A witness on Tuesday told the National Reconciliation Commission that his father, Mr Samuel Kofi Lateef died on July 14, 1987 at the 37 Military Hospital after an injection just after lunch.

According to Mr Lateef Abdul Gaffer, prior to that an injection wrongly administered at the left side of his neck had left him paralysed for a year.

He said his father was picked up by the late Warrant Officer Tetteh, former bodyguard of the Chairman of the erstwhile Provisional National Defence Council (PNDC) locked up in the Castle Guardroom on a false charge by one Major Hayford, whom his father had dismissed for financial mismanagement.

He said Major Hayford, then employed as General Manager of his father's fishing business, reported his father to General Arnold Quainoo, then Army Commander, that his father was running an illegal business.

According to Mr Gaffer, an instructor in Information Technology who said he was 15 years when his father was arrested in 1986, he had snippets of information from his step-mother and a friend of his father that a Committee headed by one Colonel Osei Wusu to investigate the charges against his father later dropped the allegations.

However, his father was jailed in Nsawam Prisons, where his health deteriorated.

Mr Gaffer said the family petitioned the then Head of State, Flt. Lt. Jerry Rawlings, General Quainoo, and General Mensah-Wood, the late Army Commander without success.

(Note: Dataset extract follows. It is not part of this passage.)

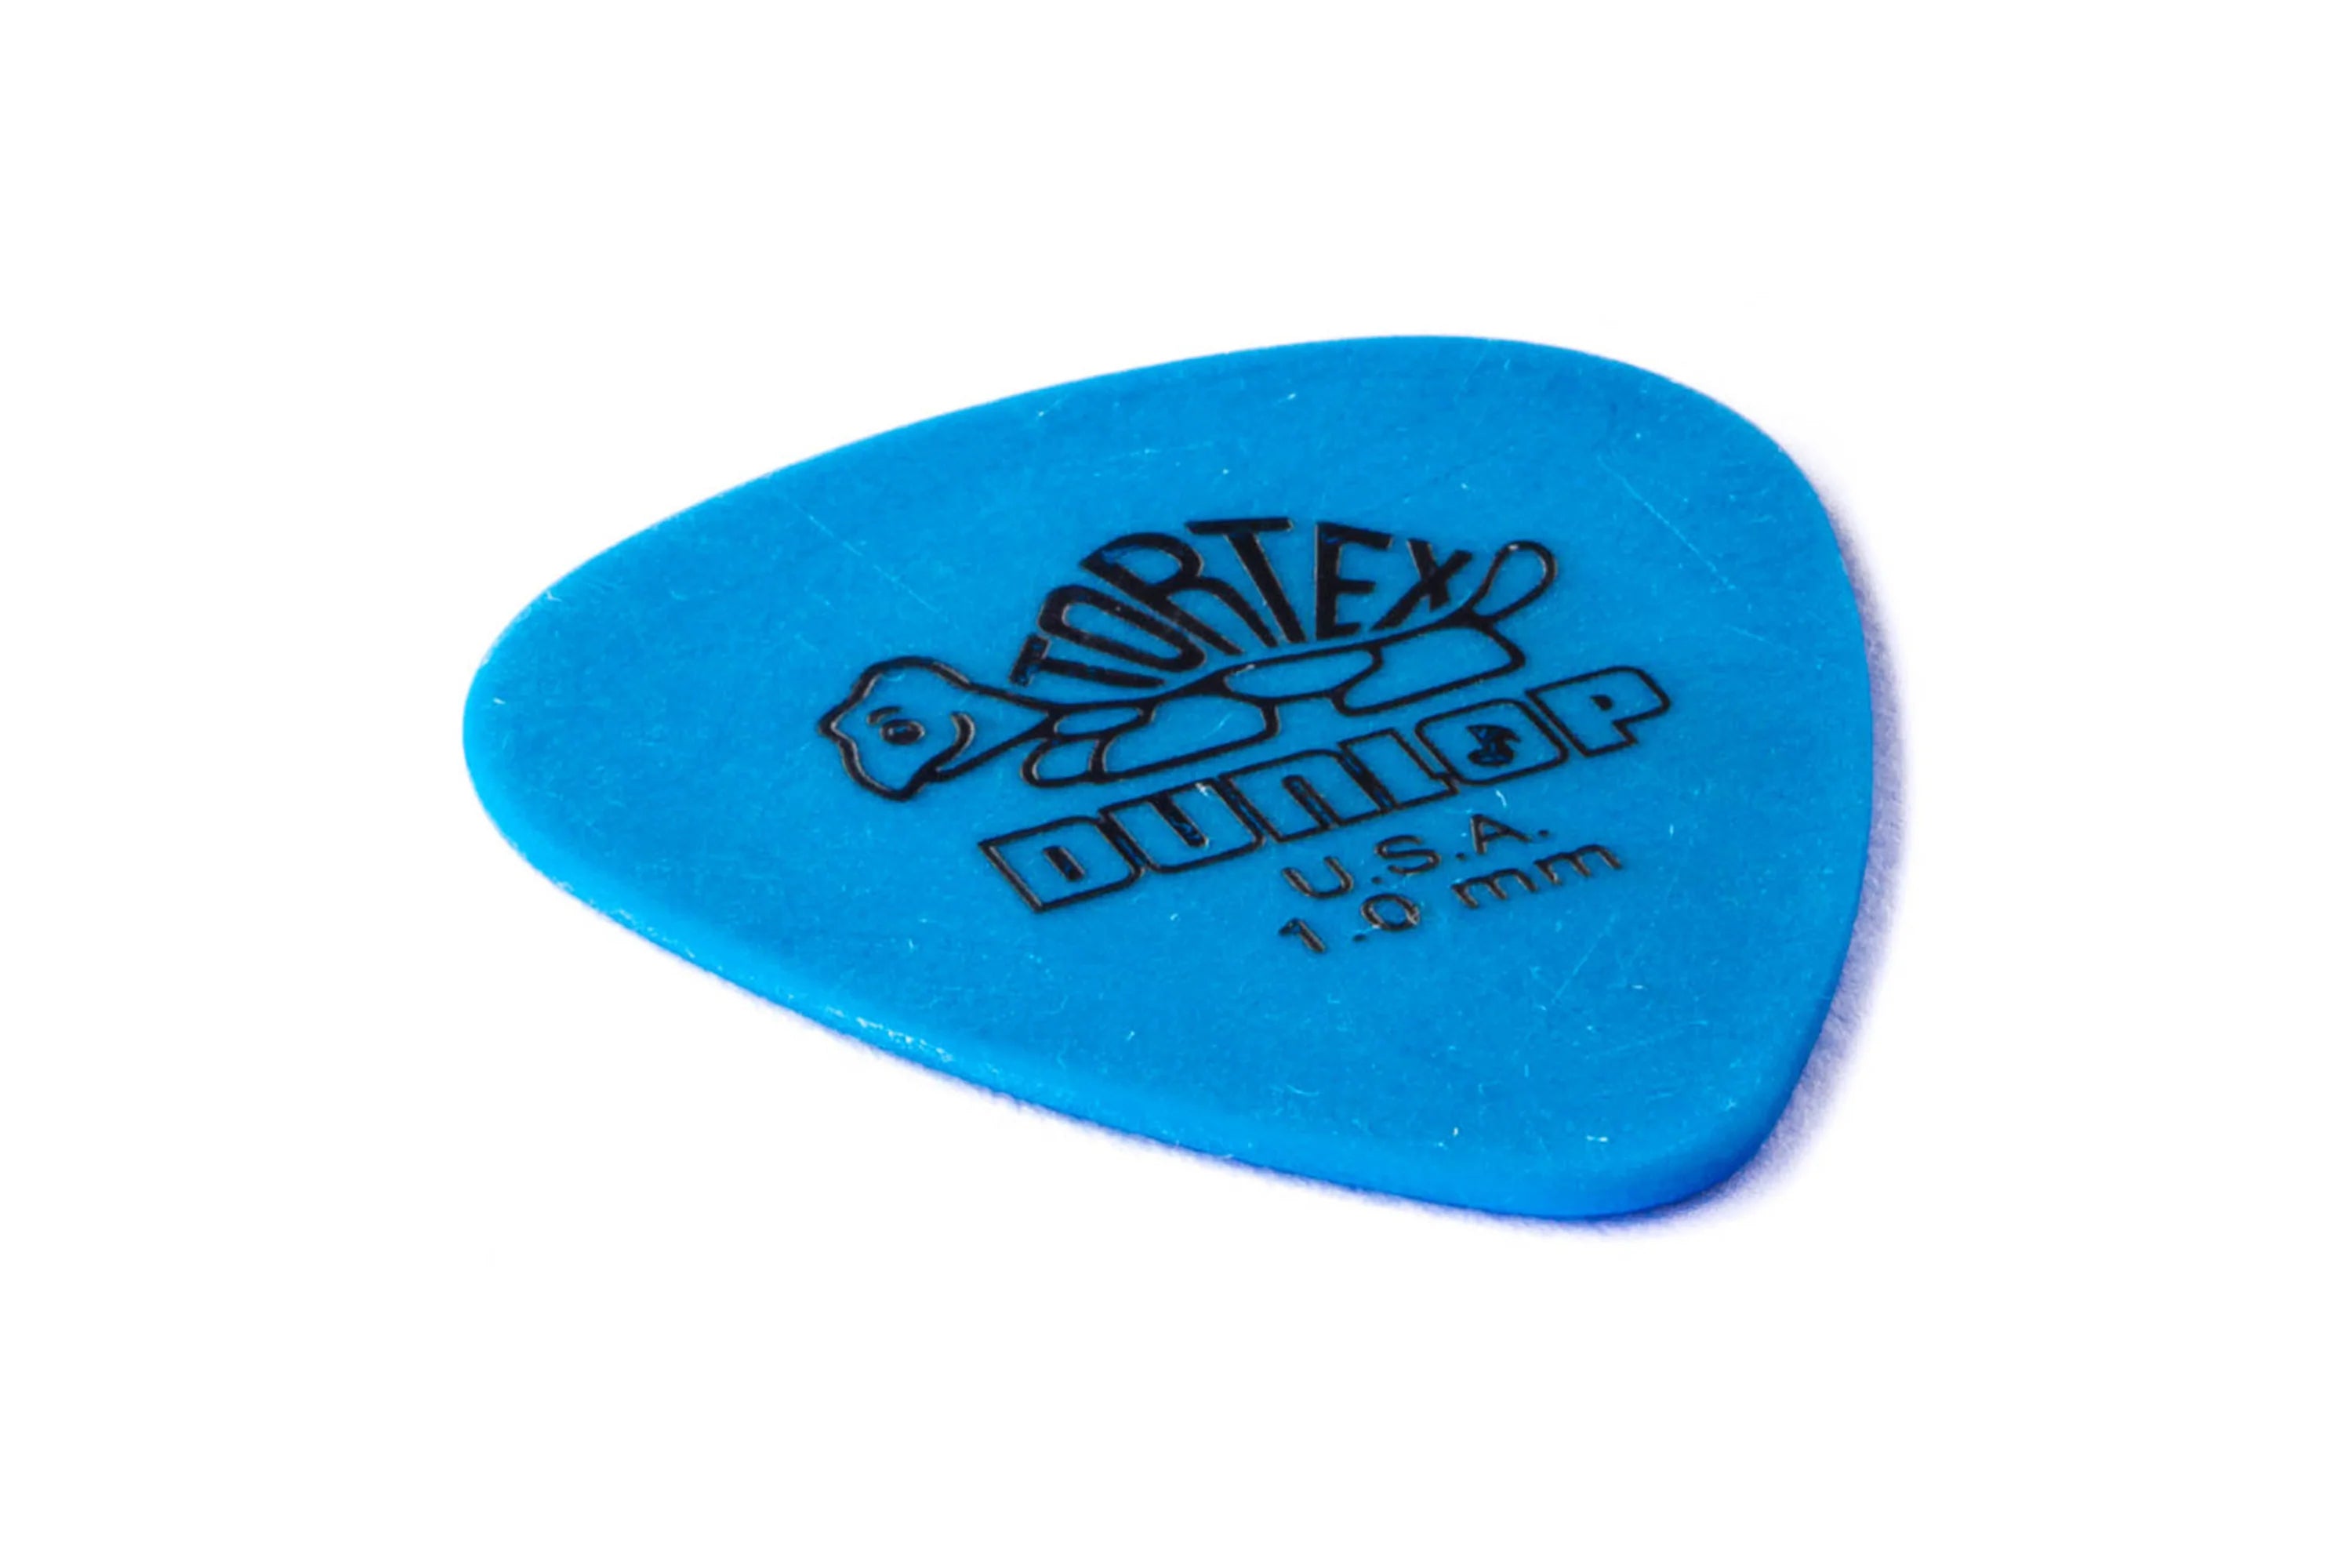 Dunlop Tortex® Standard 1.0mm Blue Guitar & Ukulele Pick - SINGLE PICK

He said his father was later transferred to the 37 Military Hospital, where the wrong injection that paralysed him was administered.

He said aside his father's ill health, their three cars were frozen. He added that he later learned that General Akafia ordered the released of 22 of their 80 cows.

Mr Gaffer said they hired the services of one Lawyer Fugah, who informed them that he had been asked to pay 109 million cedis before his father would be released. However, his sick father maintained that he was in no position to raise the money.

They also approached the Commission on Human Rights and Administrative Justice but it dismissed their application on the grounds that it had no proper evidence.

Commissioner the Most Rev Charles Palmer-Buckle said Mr Gaffer must make it a determination to pursue the truth about his father's death. He said the Commission should not be the end of his pursuit for justice, and urged him to do a lot more investigation to get the medical report on the autopsy of his late father.